# Dumb cooling question



## Daisy317 (Feb 16, 2016)

I have never made beer or cider. I have been looking into it this week after a trip to my local homebrew shop. 

I have read lots of posts about what to do and then it gets contradicted in another post. I'm wondering how you cool the wort down after boiling (do I really need a bunch of extra equipment?) I have a dedicated fridge in the basement and one in the garage so I could "in theory" use one of them for cooling... But before I do that I wanted to see if there were other options.


----------



## salcoco (Feb 16, 2016)

it need to cool down very quickly to prevent bacterial contamination. temp must get to at least 80 deg. one way is to use a ice water bath in a large sink. place the pan with the wort in the ice bath and start stiring. the best is a copper coil immersed in wort with cold water runing through the coil.
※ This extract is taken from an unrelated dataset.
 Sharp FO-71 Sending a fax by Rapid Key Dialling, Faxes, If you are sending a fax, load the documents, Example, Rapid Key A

I believe there are pages on Google that show how to make one at home.


----------



## BernardSmith (Feb 16, 2016)

Beer involves boiling the wort - in part to kill all the lactic bacteria on the grain and in part to concentrate the liquid and so increase the sugar content.. but cider does not involve heat. You don't "brew" cider. That said, air is a poor method of cooling. That's why brewers use water to transfer the heat from the boiled wort through the use of an ice bath. Air is an inefficient conductor of heat compared to water , which is why simply placing a hot bucket in a fridge or a freezer can take hours to cool, but standing your kettle or bucket in an ice bath can take minutes (albeit long minutes ) to transfer the heat... Many brewers use copper coils to allow for cold water to flow through the wort transferring out the heat to increase the amount of water flowing by the wort and removing the heat.
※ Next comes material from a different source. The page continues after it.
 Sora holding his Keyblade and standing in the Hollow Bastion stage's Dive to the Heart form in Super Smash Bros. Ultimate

Do you NEED a copper coil? I cannot say.I don't have one but I brew very small batches. I can say that brewers are near neurotic about the possibility of bacteria infecting the wort because souring and spoilage bacteria prefer those elevated temperatures.. so they will stand on their eyelashes to bring the temperature down from 212 F to about 70F STAT. But since wine making (and I include cider and mead making in that term) does not involve heat we are relatively speaking anxiety free about infections... we add K-meta (effectively , sulfur dioxide) to ensure that the yeast you pitch has no competition from bacteria or mold.


----------



## olusteebus (Feb 17, 2016)

What I do is probably way wrong but I read it somewhere. when making beer, I don't use enough water for 5 gallons. I can't remember if I made three or four gallons. To cool, I use ice in the actual wort. I think I used a 5 gallon bucket or maybe two. When melted it gave me 5 gallons of beer. Worked good as far as I know.

I am sorry I cannot remember exactly what I did. I see that 8.34 pounds of ice makes one gallon of water.


----------



## BernardSmith (Feb 19, 2016)

olusteebus said:


> What I do is probably way wrong but I read it somewhere. when making beer, I don't use enough water for 5 gallons. I can't remember if I made three or four gallons. To cool, I use ice in the actual wort. I think I used a 5 gallon bucket or maybe two. When melted it gave me 5 gallons of beer. Worked good as far as I know.
> 
> I am sorry I cannot remember exactly what I did. I see that 8.34 pounds of ice makes one gallon of water.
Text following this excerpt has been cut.